The FDA Steps In, But Just To Hear Everyone Out
The cannabis community has been anticipating this hearing for some time. It included 100 speakers from the industry; researchers, scientists, health professionals, as well as advocates of CBD. At the heart of this hearing is what to do with CBD now that the 2018 Farm Bill had passed (A bill that made the farming of hemp legal in all states). The FDA is expected to take comments through July.
Currently, the FDA only recognizes CBD for treating two ailments: Lennox-Gastaut syndrome and Dravet syndrome. In 2018 the first cannabis-based pharmaceutical, Epidiolex, was approved by the FDA as a treatment for both of these childhood-onset forms of epilepsy. Past this treatment, they don’t officially recognize marijuana or hemp as a treatment for anything, despite the Department of Health and Human Services being granted Patent 6630507 in 2003 regarding medical uses for CBD. They have reservations for any claim made by cannabis users and producers that are not backed by peer-reviewed scientific research and studies. Without additional clinical studies, which are very costly and time-consuming, it could be difficult to sway the FDA on any decision regarding cannabis use as a therapy. A primary driver for this hearing is the FDA recognizes the importance of giving guidance on CBD as its popularity soars in the U.S. One more thing to note is the World Health Organization (WHO) recognizes CBD as safe and non-addictive. This could also account for the FDA waiting so long to weigh in.

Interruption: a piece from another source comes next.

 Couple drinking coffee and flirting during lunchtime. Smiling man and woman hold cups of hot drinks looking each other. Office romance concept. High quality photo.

After 10 hours of testimony from industry experts, researchers, producers, and stakeholders its abundantly clear that the industry as a whole is deep in “wild west” territory. The market is flooded with junk products making newcomers and seasoned consumers question the source. Stakeholders produced lab data showing products only offering a fraction of the CBD potency that was claimed on the bottle. This is a known problem in the industry so we at CBD TakeOut carefully curate the products we provide to ensure that independent, 3rd party laboratory testing verifies the potency of every product we carry.

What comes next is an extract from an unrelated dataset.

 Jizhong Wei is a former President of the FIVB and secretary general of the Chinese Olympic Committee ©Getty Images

We are all in favor of regulation, but not too much that would stifle innovation and competition. Regulation will dramatically weed out bogus CBD manufacturers and those that cut corners to increase their bottom line. It will increase safety nets into production and hopefully jump start much-needed research into new applications of cannabis. We want producers of CBD to invest in top-shelf extraction labs and establish good manufacturing practices. It also fosters trust in an industry that is fighting its way out of the shadows and into mainstream culture.
One last thing was pretty clear. People still don’t really know what CBD or cannabidiol is. There were multiple times when someone spent their precious time in front of the panel rallying against the evils of marijuana. This comes out of a place of ignorance. That is why sites like CBD TakeOut are so important to stand against any flow of misinformation that is spread to potential consumers and people that could truly benefit from CBD. We will continue to post updates as the FDA sorts through research and testimony.